Sé muy bien que es sólo el amor a los demás lo que
puedo presentar ante Dios cuando me encuentre con Él. No me hablará de obras ascéticas. Sino más bien de obras de
misericordia. En el pobre y necesitado está Cristo herido. Y a veces lo busco
lejos de los hombres. Porque cuesta ver a Jesús en el necesitado, en el
hambriento, en el que me ofende, en el que me agrede, en el que huele mal, en
el que sólo pide. Cristo se esconde en la piel de ese mendigo que duerme. En el
enfermo o en el despreciado. Pero también me cuesta verlo en el que me ama, en
el que me necesita. La pregunta fundamental son las obras de misericordia. Me
gusta pensar en ese Dios que mira el amor y no las palabras. Cualquier hombre,
creyente o no, cristiano o no, puede amar y tocar a Dios en el otro, aunque no
lo sepa. El que ama conoce a Dios. Y Dios lo conoce a Él. No hacen falta
grandes obras.
Bastan las
pequeñas, las cotidianas y escondidas. Sólo lo que he amado es lo que llevo al
cielo. Decía la Madre Teresa: «Lo que no
se da, se pierde». Y lo que doy, lo gano. Cuando llegue ante Dios me
llamará por mi nombre. Yo lo reconoceré como el Pastor de mi vida. Recordaré a
Aquel que oí por los caminos cuando estaba perdido. A Aquel que me llevó en
brazos y me susurró al oído que me amaba. Yo tampoco lo veo fácilmente. Me
habla en el cuidado de los que Dios pone cerca de mí. Leía el otro día:
«La
acogida del reino de Dios comienza en el interior de las personas en forma de
fe en Jesús, pero se realiza en la vida de los pueblos en la medida en que el
mal va siendo vencido por la justicia salvadora de Dios»8. Mi fe en Jesús se plasma en obras de amor. No hay un
amor a Dios verdadero que no se realice en gestos concretos de misericordia. Me
gusta esa imagen del Salvador que siempre está curándose sus heridas una a una
para estar disponible cuando lo necesiten: «La
historia del Talmud sugiere que, puesto que venda sus heridas una a una, el
Mesías no necesitará demasiado tiempo para preparase a ayudar a los demás.
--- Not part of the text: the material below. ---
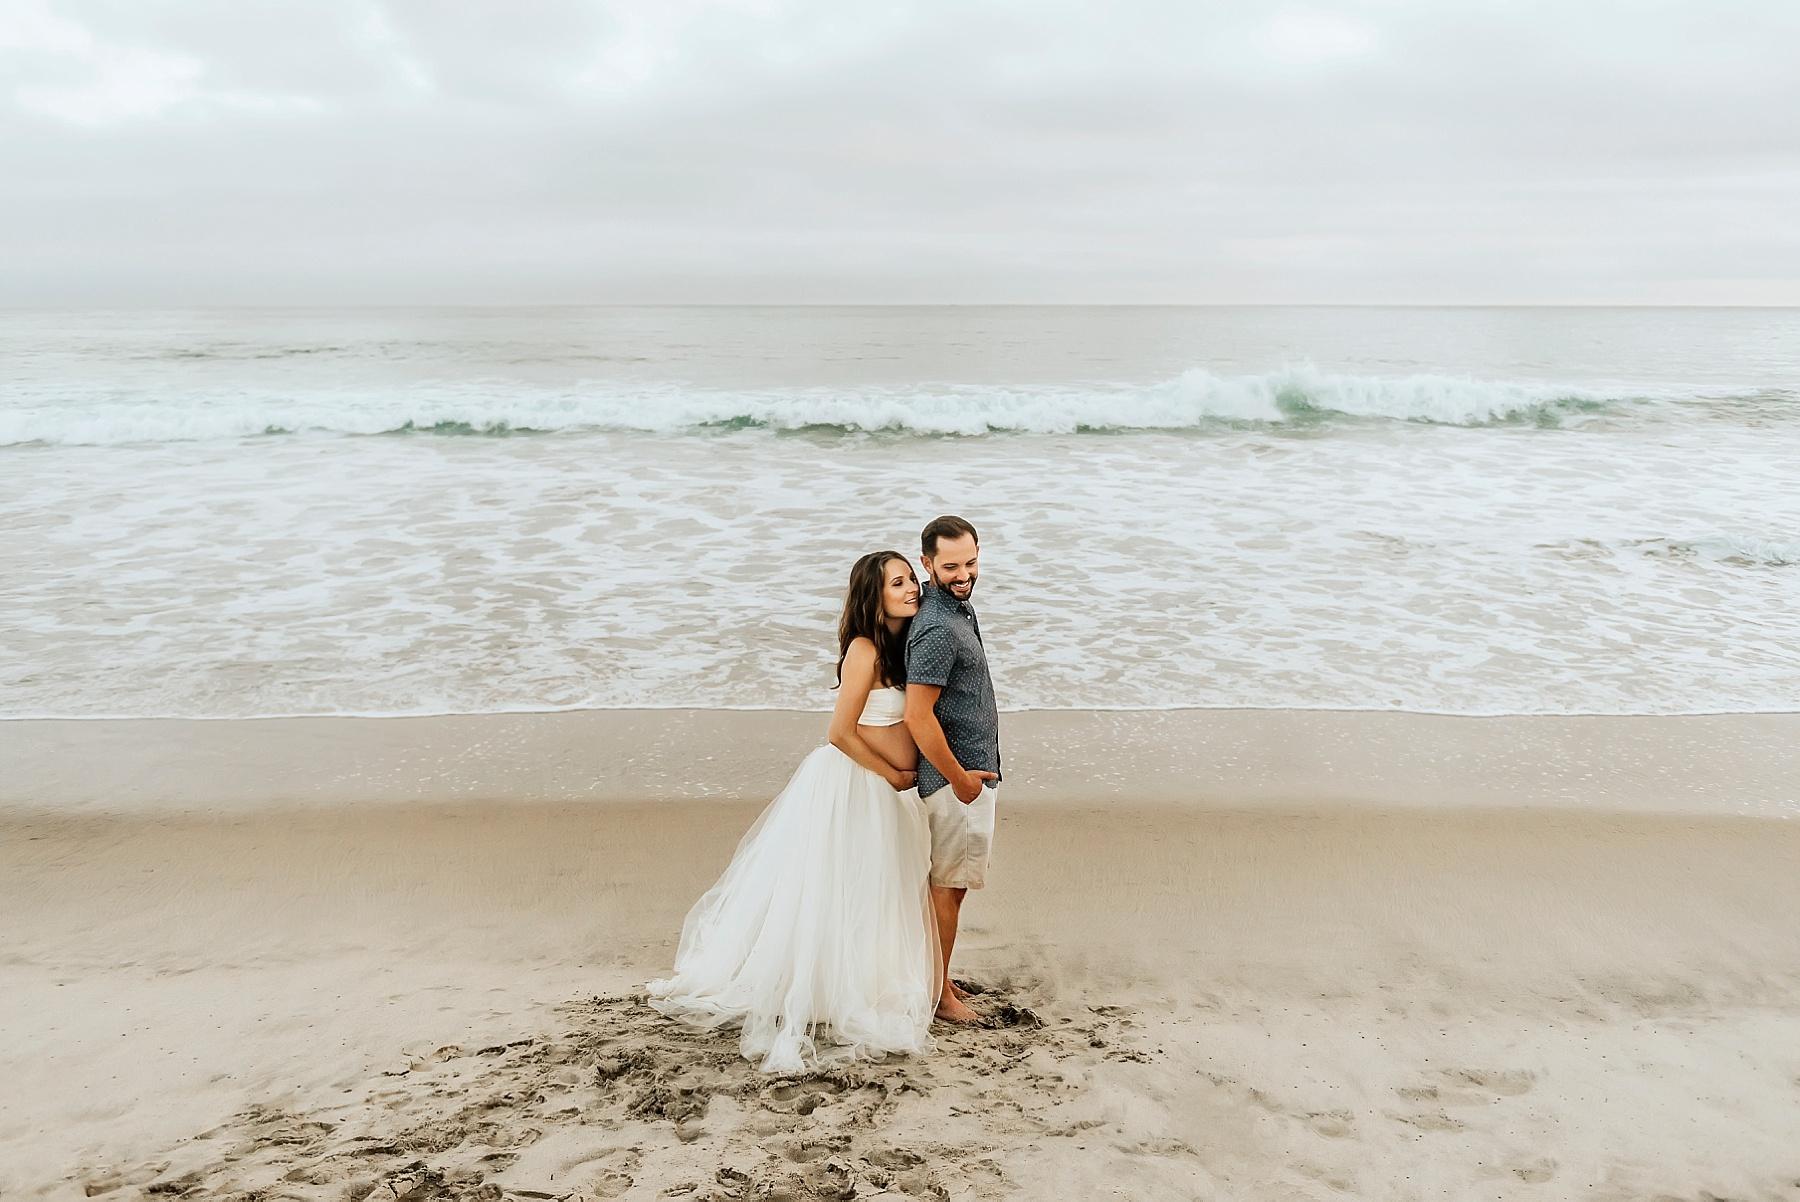 beach pregnancy photo shoot couple pose

Siempre estará dispuesto a servir a algún otro, olvidando sus propias heridas.
Jesús ha dado a esta historia una nueva plenitud haciendo de su cuerpo roto un
camino de salud, de liberación y de nueva vida. Como Jesús, el que proclama la
liberación está llamado no sólo a cuidar sus propias heridas y las de los
demás, sino también a convertir las suyas en la fuente principal de curación»9. Soy yo un sanador herido. Un cuidador necesitado de
cuidado. No cuido porque no tenga nada más que hacer. Cuido necesitando ser
cuidado. Amo necesitando ser amado. Doy necesitando recibir. Soy hogar para
otros necesitando yo un hogar. Esa imagen me da paz. Puedo hacer presente el
reino de Dios desde mi indigencia. No desde mi poder y mis capacidades. Cada
vez que haga el bien a alguien se lo estaré haciendo a Jesús. Y estaré haciendo presente el reino de Dios.